Thoughts:

"There is no aspect, no facet, no moment of life that can't be improved with pizza."

Past Thoughts

Wednesday 20 July 2011

Tips for walking in the park

I think there's never really any reason for anyone to walk around the park all by themselves unless you are:

1. Jogging
2. Stalking a prey what/whomever it/he/she may be (the reason I say 'it' is because i don't know what category kids fall under)
or 3. A hobo.

But there are always times when you feel like taking a walk in solitude as you feel one with nature --and because you live in a depressing concrete jungle, the artificial 'nature' that is a park would do-- without having the annoying barking of your dog or friends following each step you take. And I understand that, douche. So here is something I propose --because I'm like that, helping people out all the time-- to avoid the awkward encounters with the occasional, judgmental passerby. You could pay a hobo to walk alongside you. So you can walk around the park and people watch without it looking to creepy to other people but also not have to deal with the obnoxious sound that exits one's mouth. If you happen to meet someone you know and they ask you to introduce them to your 'friend' you can shrug it off and simply say he's a hipster friend for school. They're usually not very difficult to find but at times quite tricky to persuade into being your personal park chaperone. Sometimes you have the bargain of giving them a ten-er or even just buy them lunch but they might be completely unpredictable and stab you right then and there because it turns out you hadn't approached a hobo but a creepy geezer who is stalking a prey what/whomever it/he/she may be which ironically, just turns out to be you. But there is that other possibility that they ask you for drugs instead but those can be quite expensive, you can however tell them that you will only receive the drugs the next day and that he could just waltz by and pick it up then, you then slip them the address of that jank girl in class whose address you memorised by heart for reasons I really don't understand (or prepared before you left the house that morning, whatever) and then leave abruptly saying you have business elsewhere before they start asking questions.

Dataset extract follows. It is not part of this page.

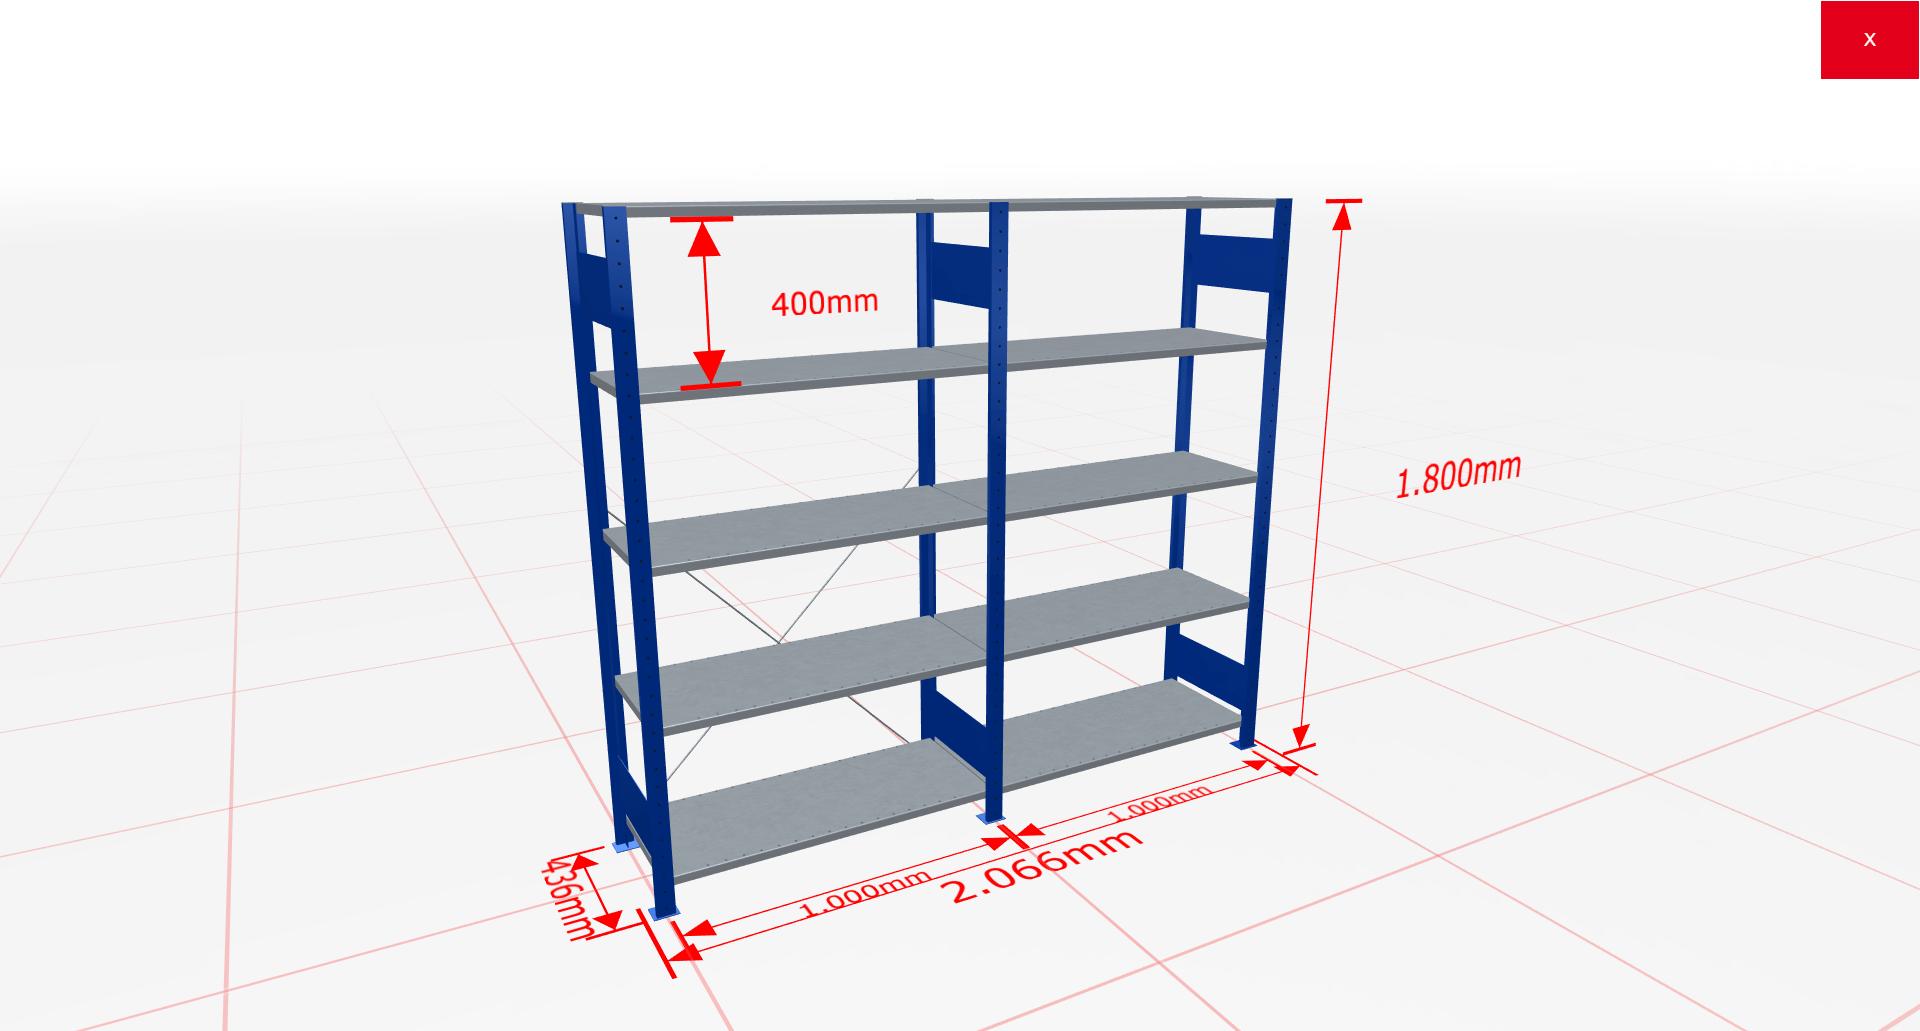 Fachbodenregal Komplettregal 1800x2066x400 mm (HxBxT) SCHULTE Lagertechnik blau 5 Ebenen  150 kg je Boden

Or if you're not up to the challenge of meeting new people and possibly gaining new acquaintances then I suggest that consider the idea that nobody really gives a shit what or where you do things because most people at the park probably are so preoccupied in hiding whatever sketchy business they have there to begin with. I mean really, who goes to the park anymore these days unless you want to hide bodies. So when you do go out to the park, just walk like you would normally walk and overlook everything other people do and they will do the same.